Starting at the line that contains "A319-100 B-6219 中国南京禄口机场" and stopping at the line that contains "Regenbogenhintergrund mit abstrakten", transcribe every line of the material below exactly; pictures stay out.

# Data to examine

━━━━━━━━━━

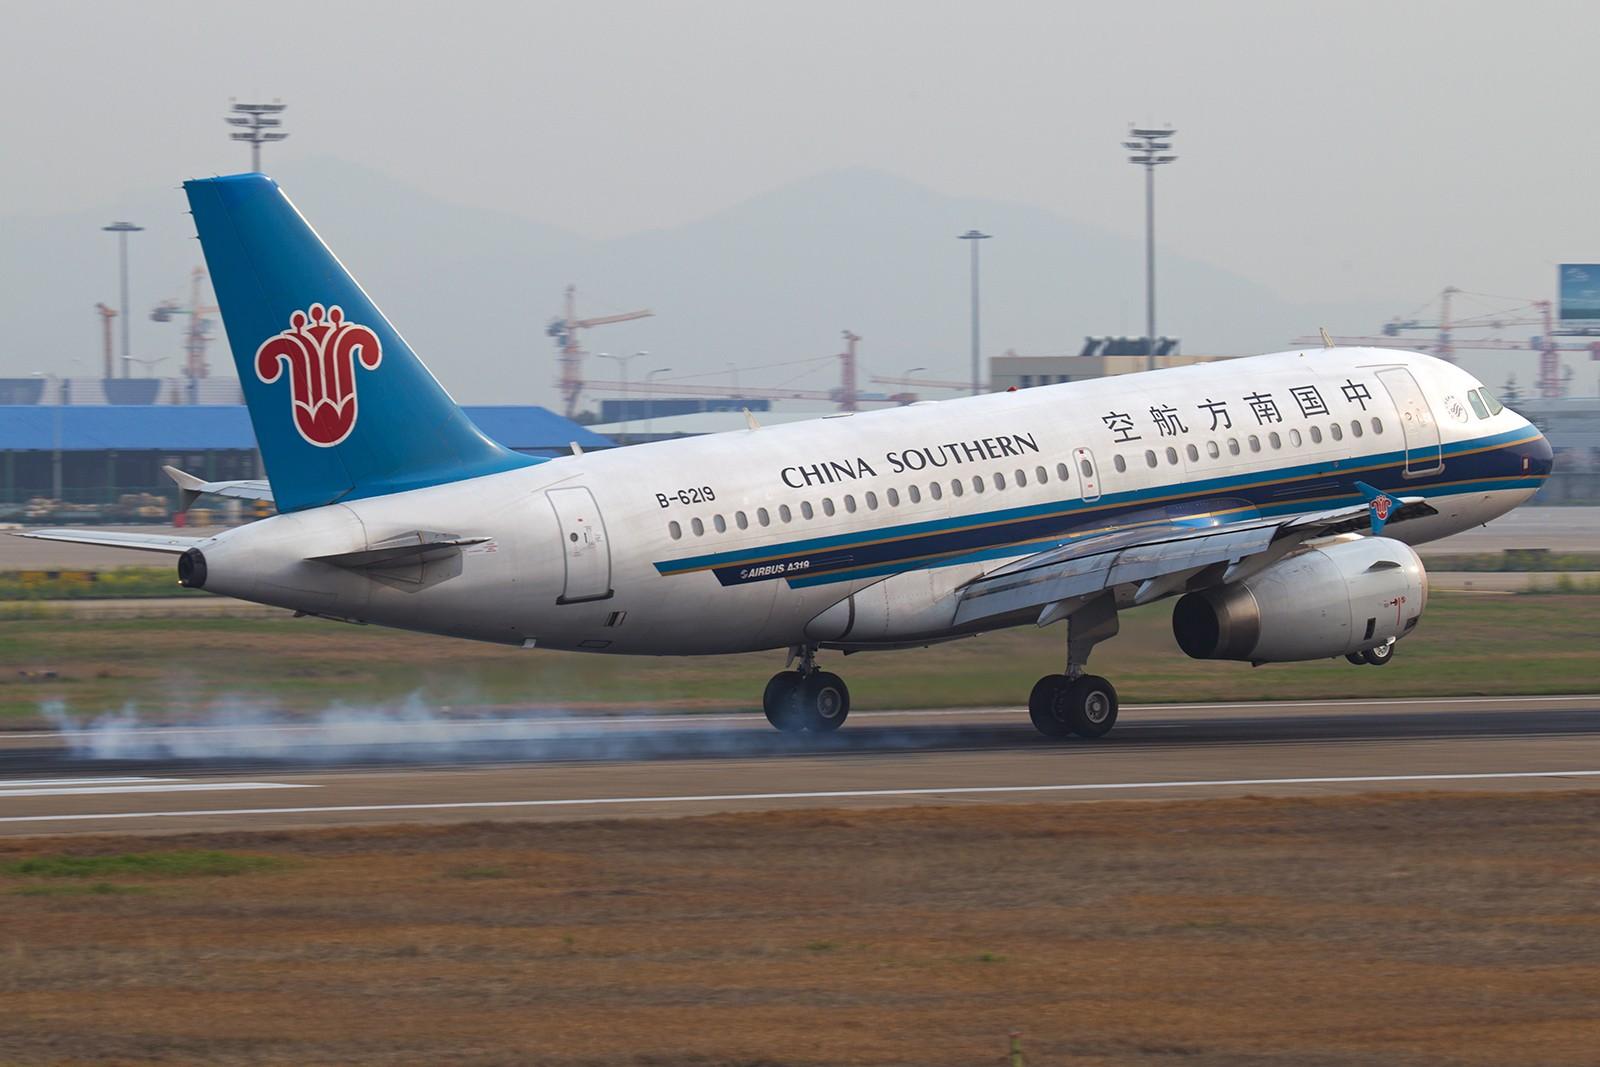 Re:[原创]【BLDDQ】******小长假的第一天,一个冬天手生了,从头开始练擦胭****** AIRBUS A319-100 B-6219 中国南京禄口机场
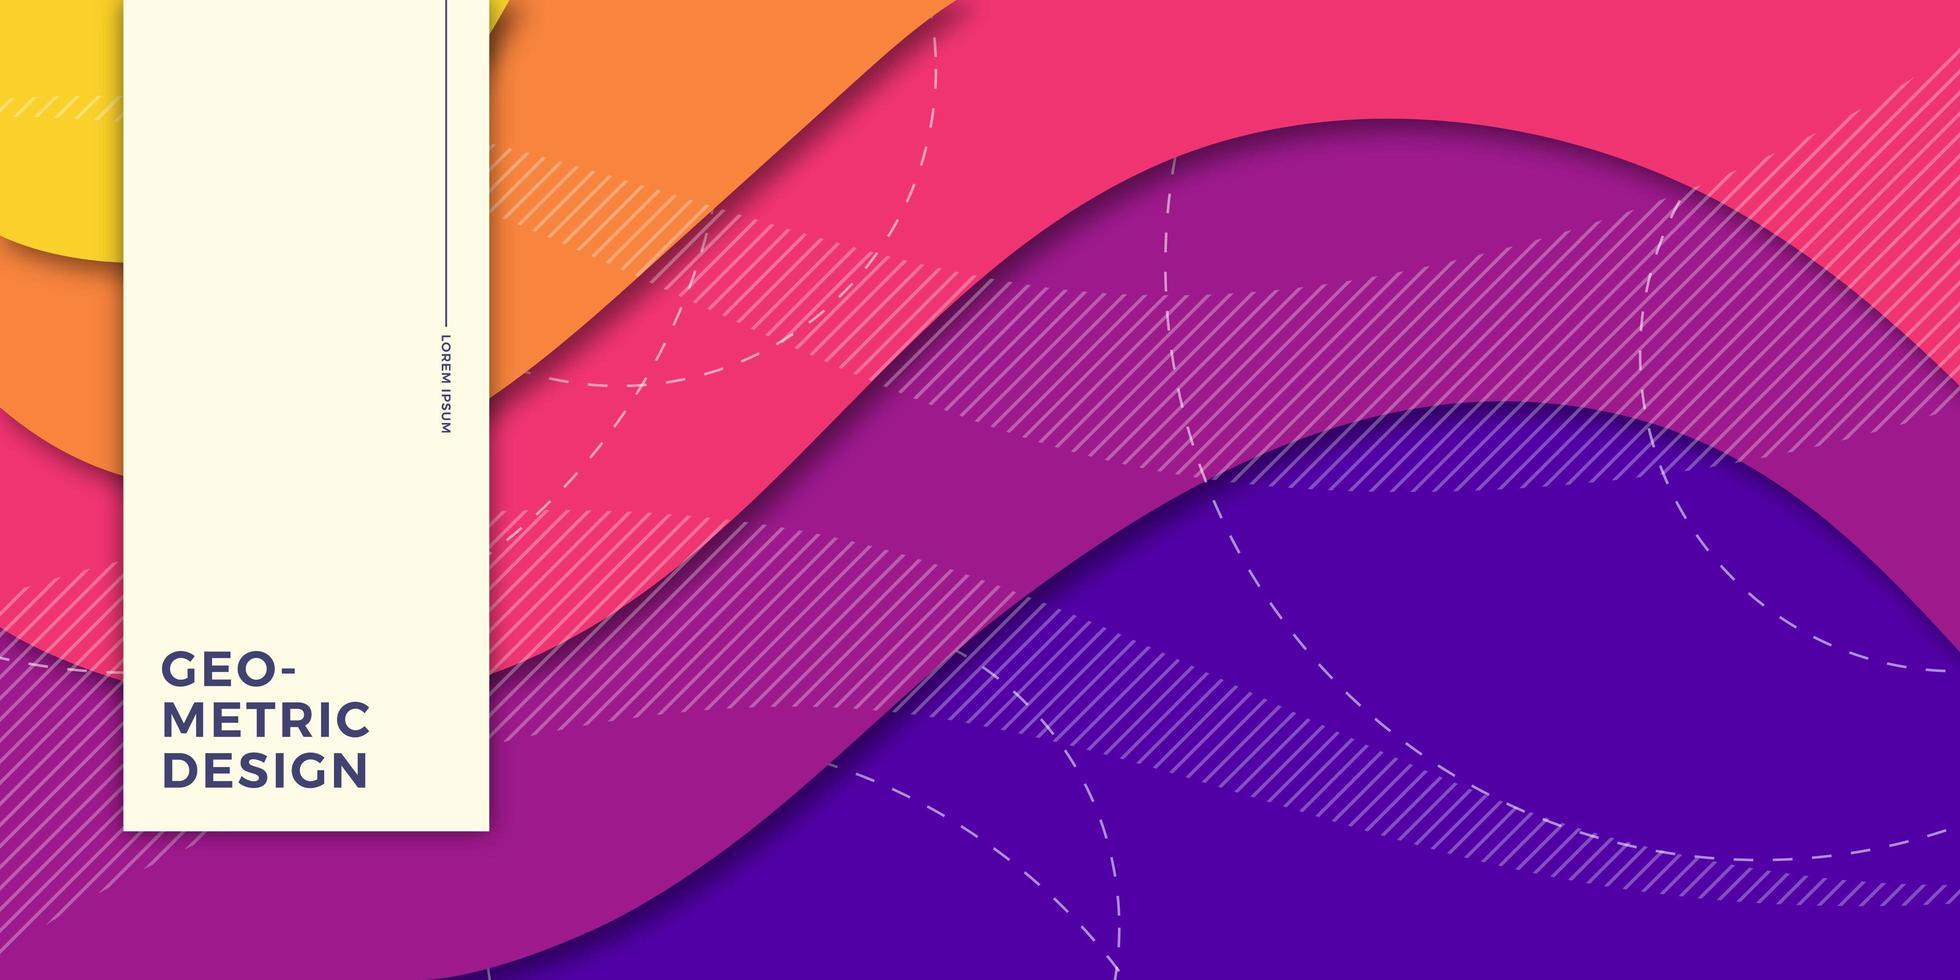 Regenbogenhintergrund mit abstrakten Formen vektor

━━━━━━━━━━

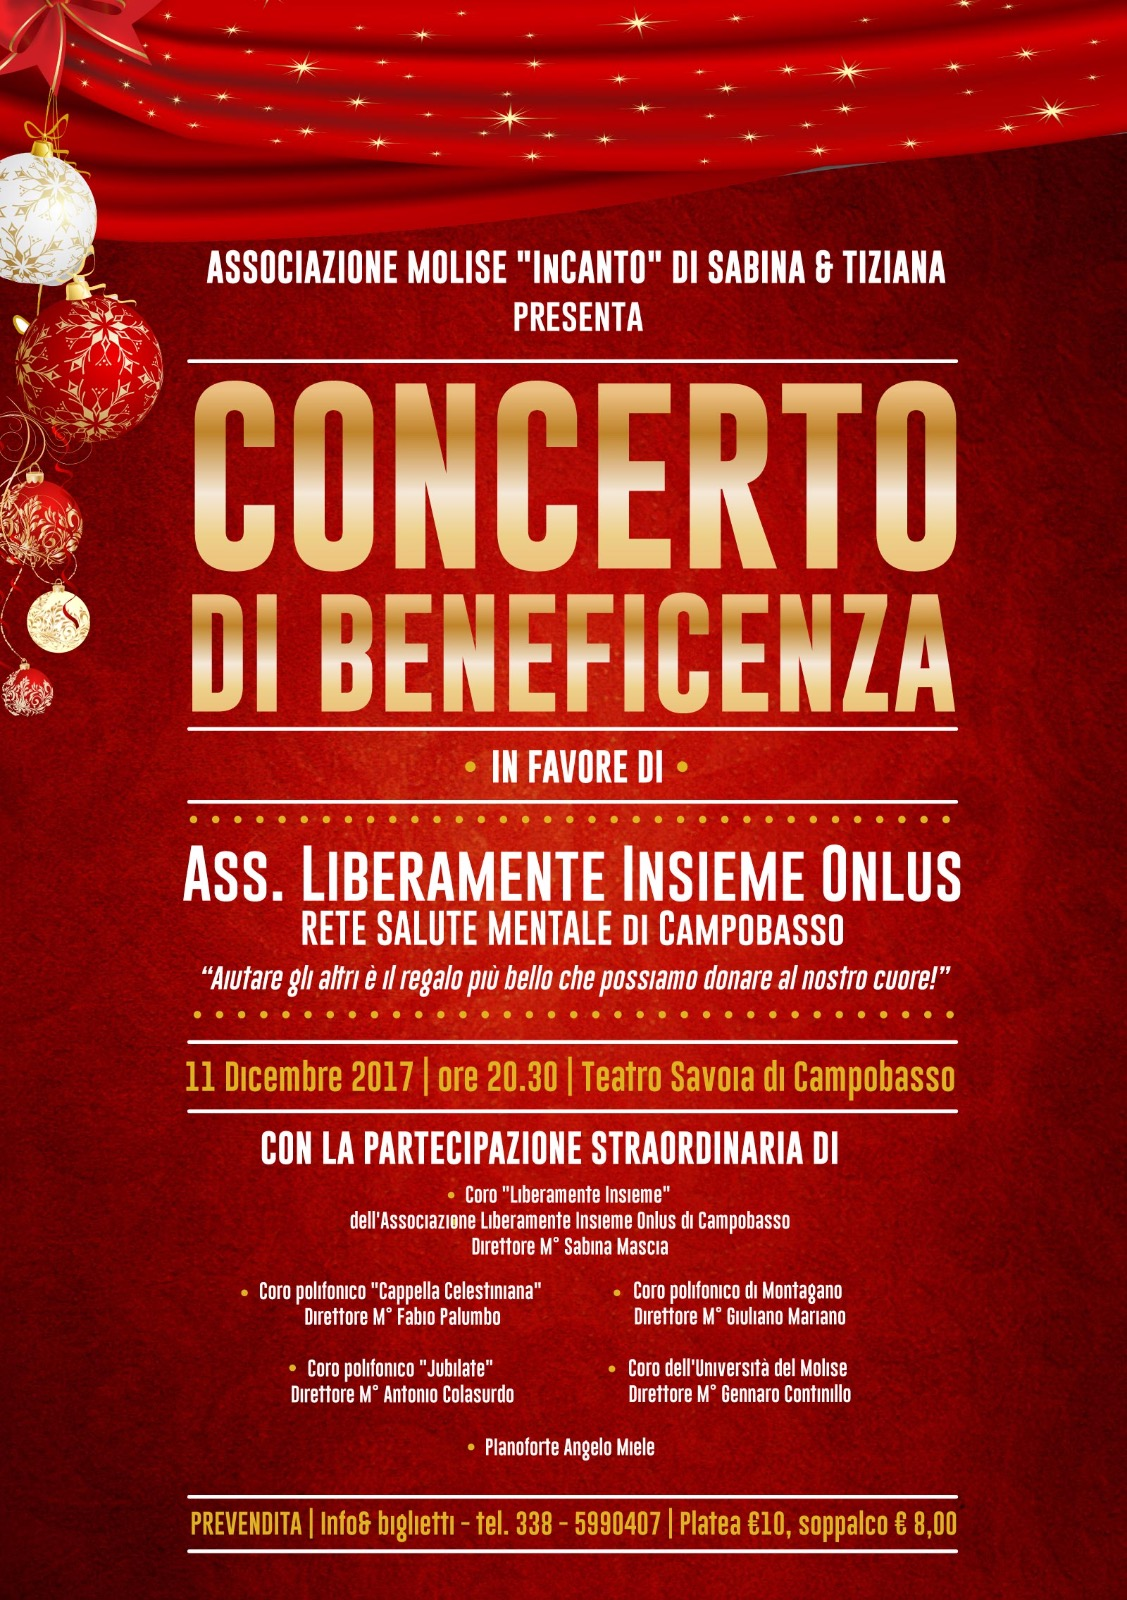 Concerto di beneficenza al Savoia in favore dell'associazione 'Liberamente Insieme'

━━━━━━━━━━

# Result for this task
 Re:[原创]【BLDDQ】******小长假的第一天,一个冬天手生了,从头开始练擦胭****** AIRBUS A319-100 B-6219 中国南京禄口机场
 Regenbogenhintergrund mit abstrakten Formen vektor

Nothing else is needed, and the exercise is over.